Because of Oakland’s limited budget, players requiring long-term multi-million dollar contracts, were out of his reach in the off-season. This brings me to the date of July 31. July 31 is the end of the non-waiver trade deadline. Starting August 1 of each season, clubs can put players on a special type of waivers. Any player who could possibly be traded can be put on waivers and if they are claimed, the club can call them back without losing the player. If a player is not claimed within the 48-hour waiver period, he can be traded to any MLB team during the month of August. If multiple teams put in claims on the same player, only one club can have the priority waiver claim. Priority is given to the team with the lowest winning percentage in the same league, from worst to first, and then from worst to first in the other league.

This rule encourages many teams out-of-playoff-contention to make trades before July 31. Teams out of playoff contention try to discard a veteran player either to reduce their budget or because they no longer feel he can help them or because they feel they can’t resign him.

This year the Mets were able to snag Yoenis Cespedes from the Tigers. Since putting on the Mets uniform he has led a resurgent Mets offense into a commanding lead in the NL East. Before the trade deadline Toronto acquired Troy Tulowitzki from the Rockies and David Price from the Tigers. These trades helped propel Toronto from an under .500 team to the lead in the AL East.

The other special date is September 1. On this date teams can promote any player on their 40-man roster to the big league club. Most will add four to eight players, bringing their roster size to about 32, but some teams end up with 35 or more.

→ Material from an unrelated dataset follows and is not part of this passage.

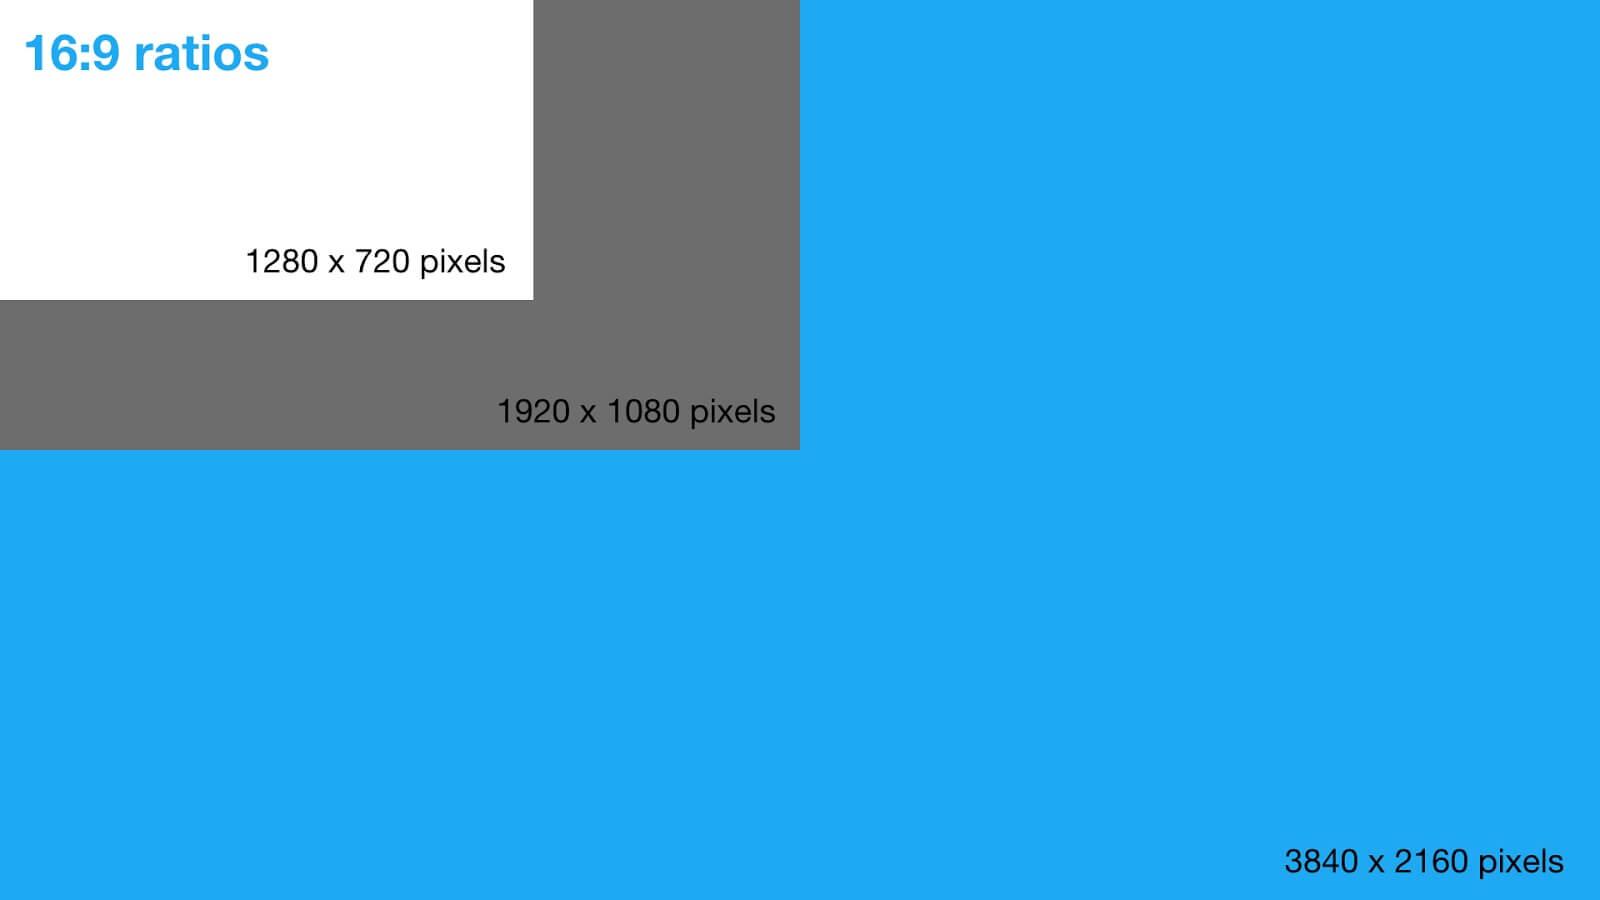 ration vs pixel

Here are the problems I see with the September call-up rule as it now stands. First is how the length of a September game can be affected. Forty-man rosters let managers load their bullpens with as many arms as they want. From March to August of last season only two percent of games saw a team use at least eight pitchers. In September, that number skyrocketed to seven percent. As a result, the chances of a game hitting the three-hour mark also went up by about five percent. Next, this rule creates a situation where all teams do not have the same number of players active during a game. A more pressing issue is by adding players to the daily roster, the fundamental nature of the game changes. For example, there have been teams to use non-baseball players. The prime example is the role of a pinch-runner can be filled by a track star. With a 25-man active roster you could not afford the luxury to carry such a player.

Baseball is played with one set of rules for five months, yet suddenly — when the games are most important — those rules change. This does not happen in other sports.

I am not against the rule but would like it changed. After all are as much a part of the game as the All-Star game. Allow teams to increase the roster to 40 players but for any game only 25 players would be active. This would keep the many benefits the call-up rule brings to the young player as well as to the team. The young player gets to audition his skills and also increase his pay and increase his Major League credits toward his free-agency and his pension. Remember how last season’s Royals benefitted in the World Series by letting Brandon Finnegan get his feet wet in September.

Original Comments:

Marty Cobern said…

Great idea, which means the MLB will never adopt it. It lets those with big leads in the pennant race rest their key players and those out of the race to evaluate future talent. “To hell with the fans!” is the MLB motto.